Researcher Nils Hammarén has followed boys in so-called multi-cultural areas of Göteborg. In his doctoral thesis Förorten i huvudet. Unga män om kön och sexualitet i det nya Sverige (The suburb in one’s head. Young men on gender and sexuality in the new Sweden. 2008), Hammarén shows how the young men are influenced by the images presented in, among other places, the media of the “suburb” and of the young men living there. The problematisation of boys in these suburbs has increased with the political focus on cultures of honour, where these boys have been depicted as living in the shadow of their family’s and particularly their father’s patriarchal culture.

Illustrationphoto: Colourbox

The most common notion of a boy with a minority background living in the suburbs is in terms synonymous with those of a person who is “dangerous” and “criminal” and defined as the masculine Other. The young men were familiar with these problematic images and in various ways had to take a stance on them, while they also made use of and played with these images in a construction of expressive and acting-out forms of masculinity.

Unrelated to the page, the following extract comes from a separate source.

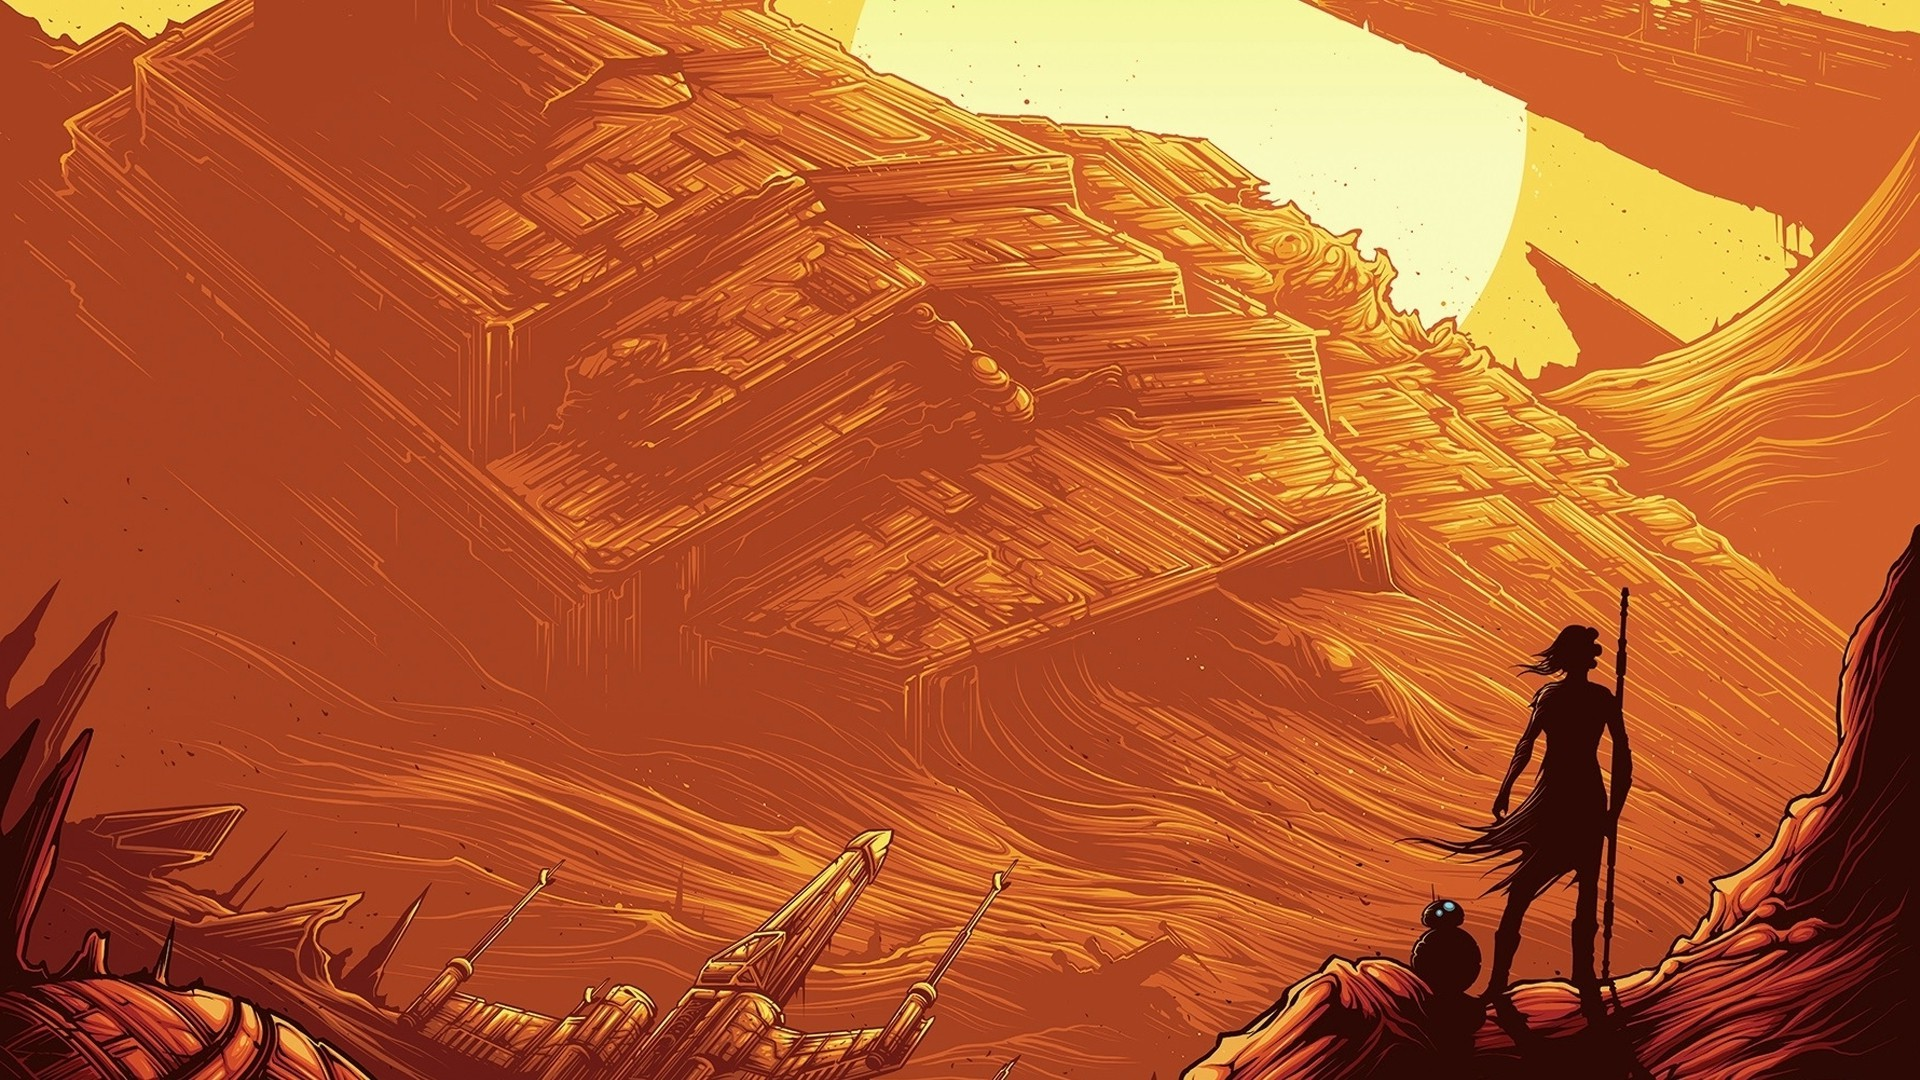 Star Wars, Star Wars: Episode VII The Force Awakens, BB 8, Star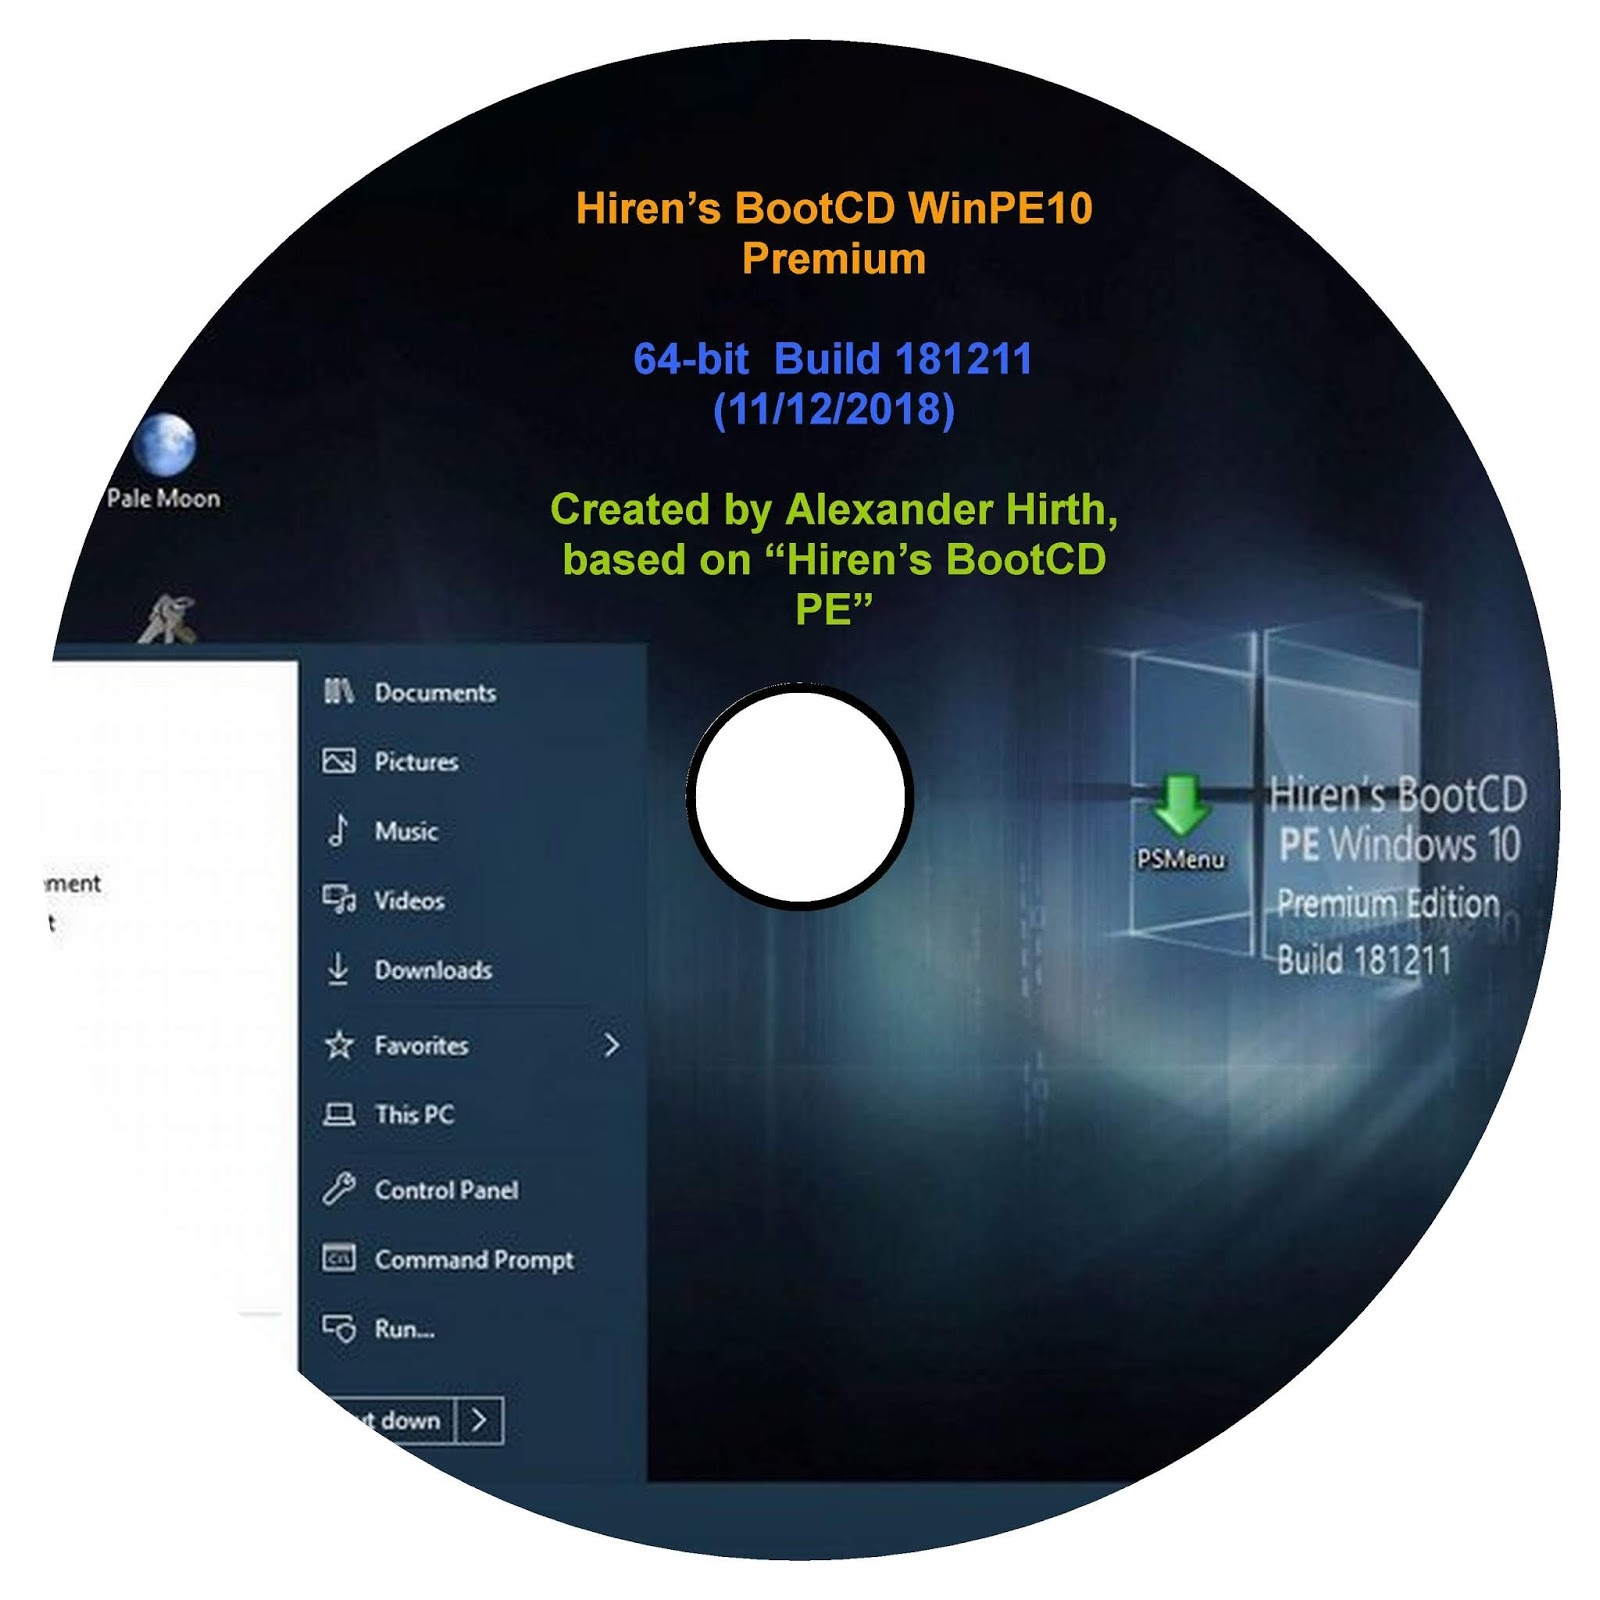 Hiren's BootCD WinPE10 Premium Edition 64-bit Build 181211

Hammarén interprets this “suburban masculinity” as a compensatory revenge for the stigma they experience as having been ascribed to them. There were also manifestations of a contrasting behaviour of under-communication of their "foreign" background, or solidarity with what they saw as the majority culture’s view of “immigrant” boys.  According to Hammarén, forms of behaviour, expressions and style associated with the image of the “immigrant” boy, seemed to strengthen the feeling of many of the young boys of being in a less privileged position in Swedish society.

“The brother” – a repellent symbol

The issue of honour-related violence was raised in the interviews by the young men themselves, particularly in connection with the role of brothers in relation to their sisters. “The brother” then primarily appeared as a repellent symbol associated with the brother of a potential partner. Several of the young men protested against being placed in a category constructed in advance of "honour-related violent problem boys".

Hammarén here points out that the problem with honour-related violence seems to be to find ways of making this type of violence visible without constructing it as separate from other forms of violence and thus stigmatising whole population groups. He thinks that the debate on honour-related violence runs a risk of contributing to the patriarchy being placed outside of the Swedish borders. The violence of “Swedes” against other “Swedes” is made invisible, while the control and violence of "immigrants" is culturalised.